Давнее воспоминание: дело было субботним днем в конце шестидесятых, родители с друзьями сидят в садике за нашим домом в Нью-Джерси. Над мощенным плитами двориком рассеянная тень. Над соседским забором разрослись кусты форзиции. Взрослые попивают чай со льдом из зеленых пластиковых стаканчиков, развалившись на шезлонгах, от которых на бедрах остаются вмятины, когда встаешь. Возможно, в садике есть и кормушка для птиц. Знаю одно: это Шаббат — и, значит, никаких сигарет для папы, никакого радио для мамы. Обед подается холодным, как обычно, когда мама возвращается из синагоги. Фамилия друзей Кушнер. Много лет спустя их сына арестуют и посадят в тюрьму по мерзкому делу, связанному с проститутками и растратой. Их внук женится на Иванке Трамп. Но в тот день Кушнеры — просто приятная пожилая пара, значительно старше моих родителей. Я маленькая — лет пять-шесть, — и когда я выхожу, чтобы поздороваться со взрослыми, миссис Кушнер привлекает меня к себе. Это полная женщина с начесом на голове и сильным акцентом. Я слышала, как шепотом рассказывали, будто она и ее семья в своем штетле[28]
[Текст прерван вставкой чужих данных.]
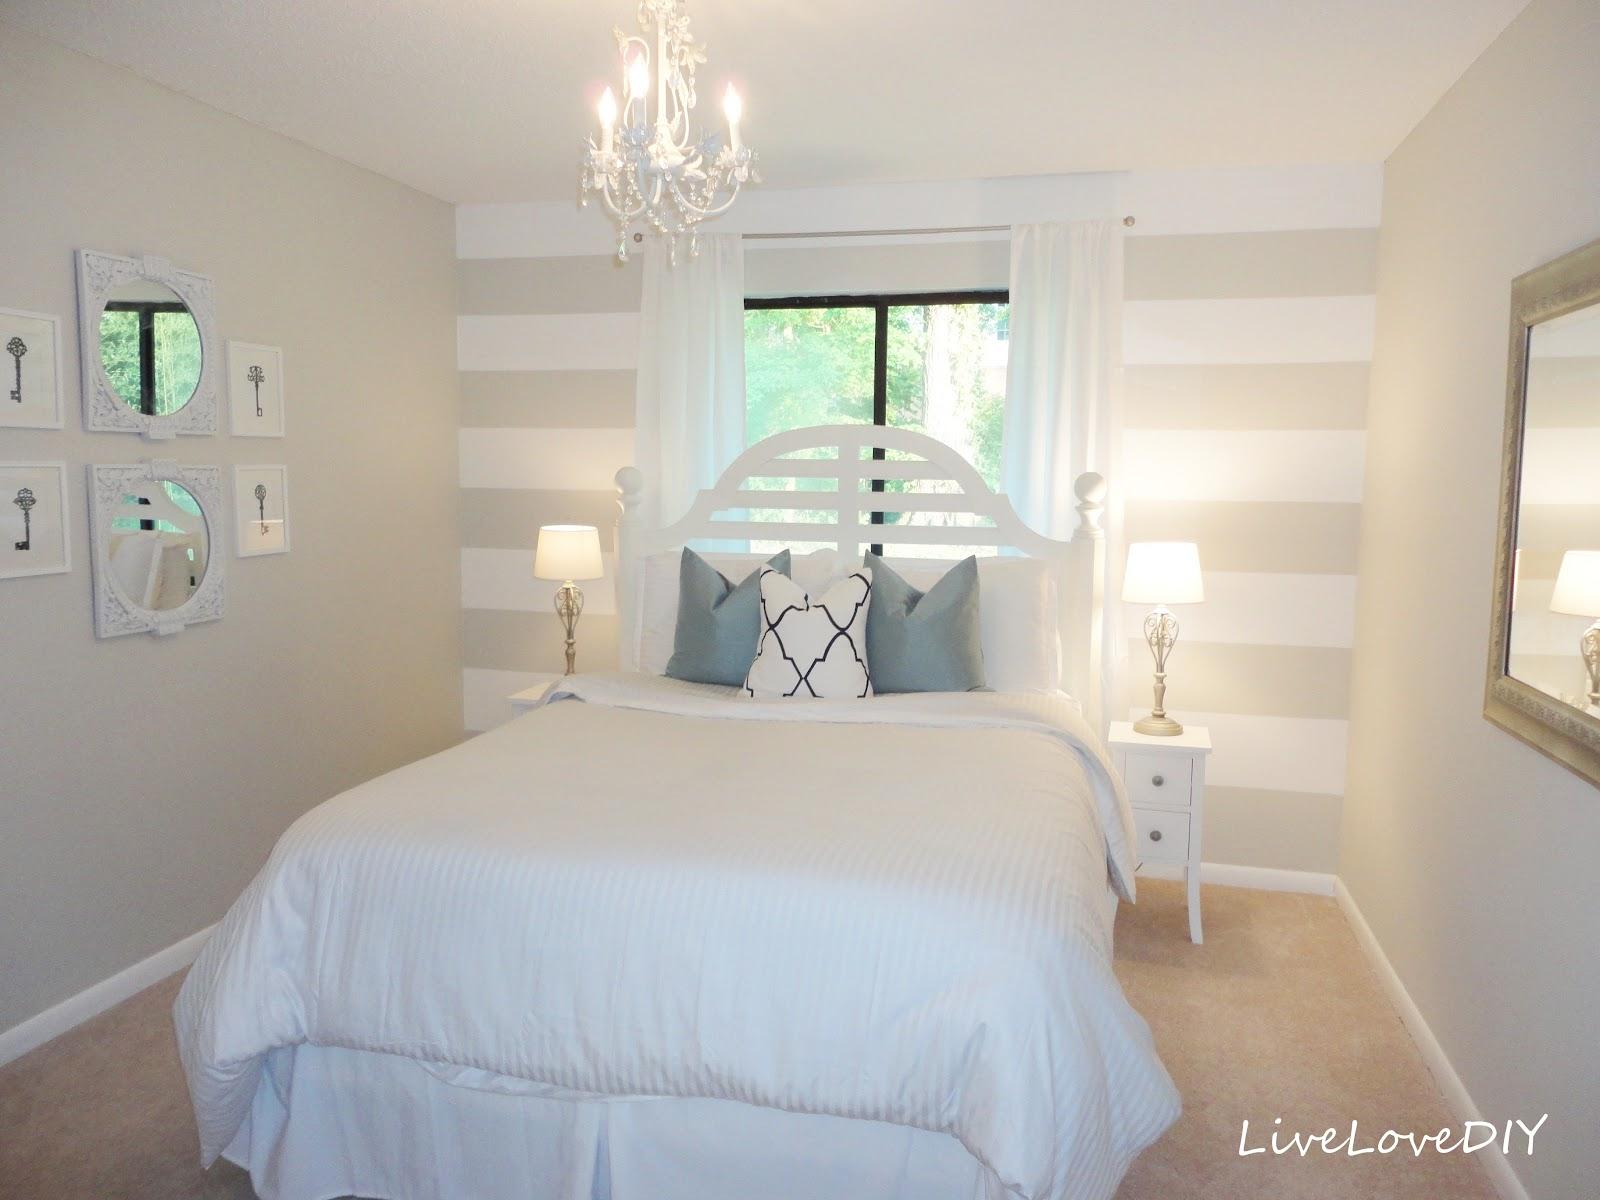 Livelovediy Diy Striped Wall Guest Bedroom Makeover

где-то в Польше вырыли проход из еврейского гетто, через который удалось уйти сотням людей. Миссис Кушнер проводит ладонью по моим волосам — они у меня светлые, как и брови. Пристально смотрит на меня. Что она видит? Я светлокожая, голубоглазая, хрупкая. Лицо сердечком. Продолжая сжимать меня в объятиях, она говорит: «Тебе, блондиночка, цены бы в гетто не было. Доставала бы нам хлеб у фашистов».Пятьдесят два процента от восточноевропейских евреев-ашкеназов. Остальное — французы, ирландцы, англичане и немцы. Раскол, расхождение, трещина. Почти половина меня могла, строго говоря, доставать у фашистов хлеб. Я была еврейской девочкой, воспитанной в ортодоксальной традиции, которая знала наизусть сидур[29]
и во все горло после каждой субботней еды распевала с отцом биркат ха-мазон[30]. Я говорила на безупречном иврите — когда сейчас слышу этот язык, он кажется мне полузабытой мечтой. Но я не выглядела как подобает — не просто была не очень похожа на еврейку, а не похожа до такой степени, что это стало определяющей характеристикой моей идентичности.У меня очень мало детских воспоминаний — их почти нет, — но я всегда помню садик, рассеянную тень, зеленые стаканчики и шезлонги в тот субботний день. Папа, все еще в брюках от костюма, но без галстука и с закатанными рукавами рубашки. Маму помню не так четко — ее образ всегда более расплывчатый, — но она, безусловно, наблюдала сцену с миссис Кушнер, сидя за накрытым к обеду столом с нарезанными ломтями говядины и холодной спаржей.
Что на самом деле хотела сказать миссис Кушнер? Что она думала? Я слышала: «Ты одна из нас». И одновременно я слышала: «Ты не такая, как мы». Чему верить? И почему это воспоминание осталось у меня на всю жизнь? Историю про миссис Кушнер я пересказывала и раньше. Писала о ней в эссе и других воспоминаниях. Я считала эту историю важной из-за того, что вдруг мне, ребенку, наносят эмоциональную травму, говоря, что, живи я в годы войны, я могла спасти людей и моя вина в том, что я не смогла этого сделать. Но теперь я понимаю, что в этом воспоминании скрыта правда и потому оно не стерлось из памяти. Миссис Кушнер, схватившая меня за руку и рассматривавшая пристально, не желала мне зла. Она говорила не думая и высказала общее впечатление, возникавшее у людей при виде меня. Это был первый — хотя далеко не последний — запомнившийся мне случай, когда мне сказали, что я не та, кем себя считаю.
Однажды, лет в двадцать с небольшим, я записала, сколько раз я слышала от людей, что не похожа на еврейку, за один день.
«Именно так и выглядят евреи», — отвечала я, мысленно посылая всех к черту. Я говорила о своем еврействе повсюду, где бы ни находилась. Это был мой фирменный фокус, который неизменно вызывал интерес и даже изумление.